E’ questo l’errore fondamentale di Cesare:  aver condannato a un oblio senza scampo le proprie origini razziali, voler negare il senso del proprio essere membro del popolo ebraico e confinarlo nel limbo degli eventi casuali, non voluti, accidenti di cui non si comprende fino in fondo la natura necessaria. Aver creduto nel fascismo e aver aderito ad esso è stata una delle conseguenze di questo rifiuto della propria appartenenza alla “razza maledetta”. Il suo rifiuto di essere ebreo e il suo presentarsi soltanto come italiano desideroso di partecipare al trionfo dei “fatali destini” della patria gli hanno impedito di accettarsi per quello che effettivamente era – e alla delusione per il tradimento da parte del fascismo l’unica risposta che Orvieto sa dare è quello di darsi la morte avvolto nella bandiera italiana. Sorte comune a quasi tutti gli ebrei fascisti traditi dal regime nonostante la loro adesione incondizionata alle sue sorti nel momento della necessità del consenso, la vicenda del medico italo-tunisino ne richiama alla mente tante altre (il suicidio dell’editore filo-fascista Angelo Fortunato Formiggini, ad  esempio, che si gettò dalla Torre della Ghirlandina di Modena per protestare in maniera plateale e definitiva contro le leggi razziali anche se poi la stampa non diede neppure notizia del suo gesto). Nel caso di Orvieto, tuttavia, oltre al disincanto per le scelte politiche fatte gioca un ruolo fondamentale la disillusione amorosa e la scelta della donna tanto amata di optare per la cittadinanza francese e di tornare a Tunisi sotto la protezione di d’Espinger.

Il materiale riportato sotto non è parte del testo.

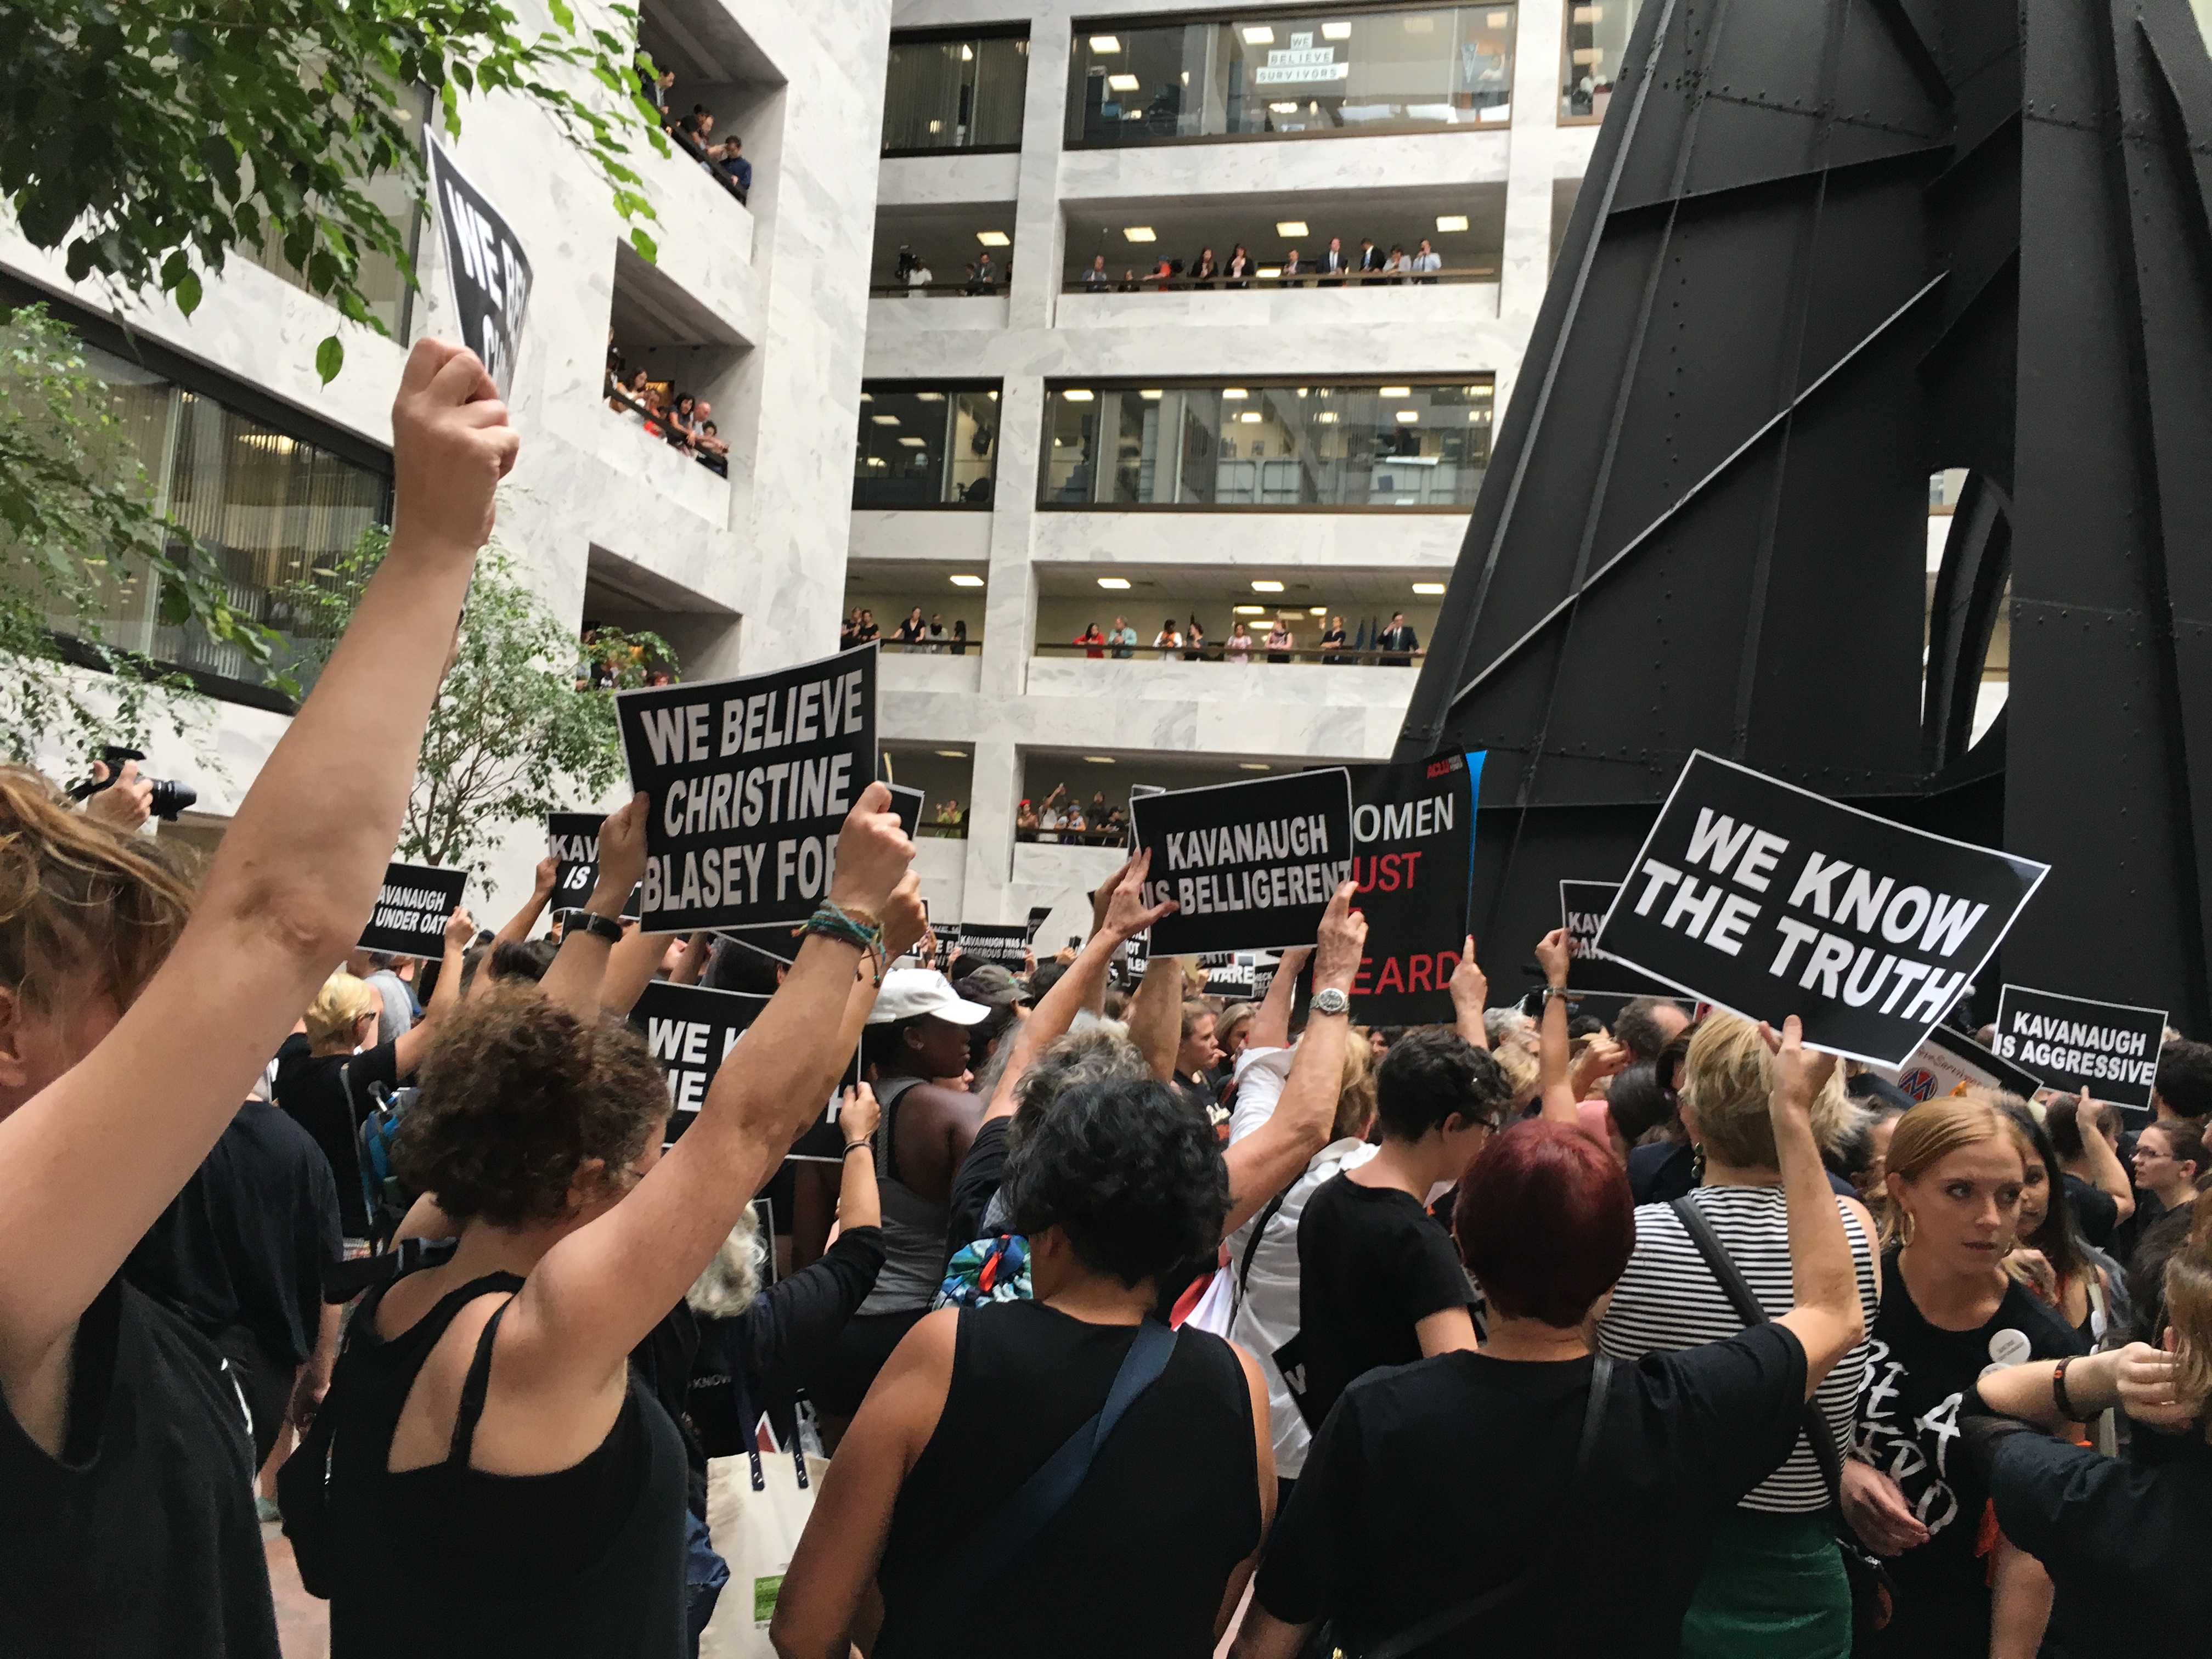 Protesters filled the Hart Senate Building on Oct. 4 to protest the nomination of Judge Brett Kavanaugh to the Supreme Court. (Charlotte Alter -- TIME)

Tragedia legata al fallimento delle proprie scelte esistenziali, la morte di Cesare viene pianta veramente solo dalla moglie Corinna e il rabbino della comunità tunisina accetta di celebrare il rito religioso funebre solo dopo molte esitazioni e distinguo: il suicidio, infatti, è rifiutato in maniera assoluta dalla legge mosaica e solo un’articolata rielaborazione dell’evento luttuoso (Orvieto è stato spinto a suicidarsi per disperazione, non l’ha fatto di propria volontà) permetteranno di superare la proibizione in un primo tempo propugnata dal rabbino.

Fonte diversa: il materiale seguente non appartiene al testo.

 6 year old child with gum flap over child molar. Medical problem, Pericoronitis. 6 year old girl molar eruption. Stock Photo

Il destino del medico suicida, tuttavia, sembra essere l’oblio. Di lui nella famiglia superstite si parla poco o nulla e tutte le richieste fatte da Anna  di saperne di più affondano in un muro di gomma di silenzio e di reticenza. Solo l’amore di Philippe e il viaggio a Tunisi predisposto e propiziato da quest’ultimo le permetteranno di riscattare la memoria del prozio.

Libro di ricordi e di riscoperte di un passato remoto eppure ancora attivo e operante nelle corde del presente, il romanzo di Daniela Dawan è un tentativo di riannodare narrativamente i fili di ciò che gli eventi tragici del primo Novecento sembrano aver spezzato per sempre con la persecuzione e la morte. Certo se la parte relativa alla sorte tragica di Orvieto è ben ricostruita, la storia d’amore della nipote gli fa da pendant in maniera meno organica, meno significativa dal punto di vista dello scavo e dell’indagine psicologica. Ma entrambe le vicende rappresentano il tentativo di testimoniare che non è possibile rifiutarsi di ricordare (anche quando lo si vorrebbe fare per comodità esistenziale o scelta di vita) – che il ricordo e la memoria sono parte integrante della vita di ognuno, qualcosa da cui non si può – neppure volendo – prescindere in alcun modo.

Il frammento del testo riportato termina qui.